Porsche wants to make money with fewer cars, and 1,900 jobs will go

Porsche wants to make money with fewer cars, and 1,900 jobs will go

CEO Michael Leiters is pushing to finalise a second cost-cutting package before the July factory break, as tariffs and a weak China bite into profits.

Written by Beau Ackx

21/06/2026

Even Porsche, the industry's profit machine, is feeling the squeeze

Porsche is tightening its belt again. CEO Michael Leiters wants to lock in a second cost-cutting package before the factory holidays in July, a plan that involves cutting 1,900 jobs and deliberately building fewer cars. His blunt summary of the new reality: "Porsche has to make money with fewer cars."

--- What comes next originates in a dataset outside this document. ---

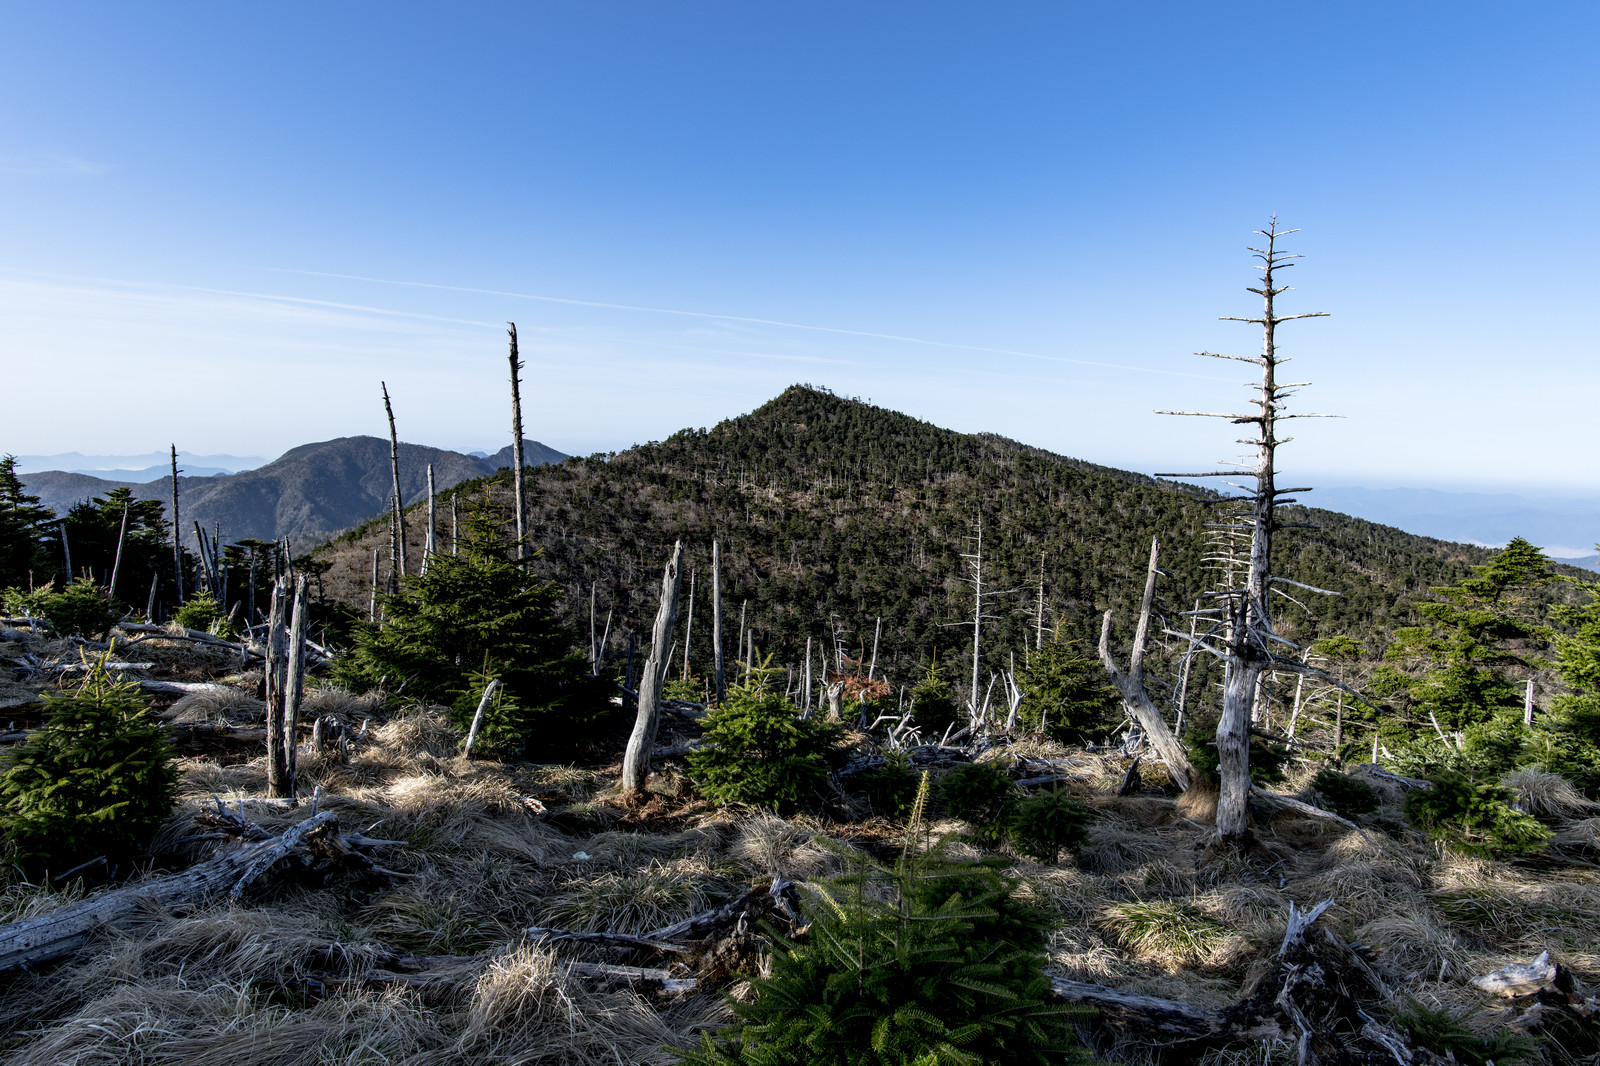 「大峰山弥山小屋から見る立ち枯れの森と八経ヶ岳」の写真

Porsche wants to make money with fewer cars, and 1,900 jobs will go

What the package involves

Leiters told the Frankfurter Allgemeine Sonntagszeitung that he expects a swift conclusion to negotiations and wants a deal with employees before the July break, stressing that Porsche staff "need clarity." The package will cut 1,900 jobs over the coming years. That follows the 2,000 temporary workers Porsche already let go last year, meaning the workforce reductions are now substantial. Production will be set below the roughly 280,000 cars the company sold previously, a deliberate move to align supply with softer demand.

Why Porsche is under pressure

The squeeze comes from several directions at once. Profits eroded in the first quarter of 2026, hit by tariffs and broader geopolitical turmoil, while demand has softened in key markets, China in particular. Porsche has leaned heavily on the Chinese market for years, so weakness there hurts. Add gaps in the model lineup during a period of transition, and the case for restructuring becomes clear.

Closer ties with Audi, and the 718 survives

Part of the savings will come from deeper cooperation with sister brand Audi, sharing development and platform costs to reduce duplication within the Volkswagen Group. There is good news among the cuts, too: the entry-level 718 series will continue despite the restructuring, so the smallest, most accessible Porsche sports car is not a casualty of the belt-tightening.

AutoNext Take

There is a pattern emerging across the luxury end of the industry: build fewer cars, protect the margin. The crucial difference is that Aston Martin is choosing scarcity as a strategy, while Porsche is being forced into it by tariffs and a cooling China. That is a more worrying place to be, because cutting 1,900 jobs is a defensive move, not a confident one. The reassuring detail is that the 718 survives, which signals Porsche still understands that its accessible sports cars are part of what makes the brand special. Make money with fewer cars by all means, just not by quietly becoming a smaller, blander company in the process.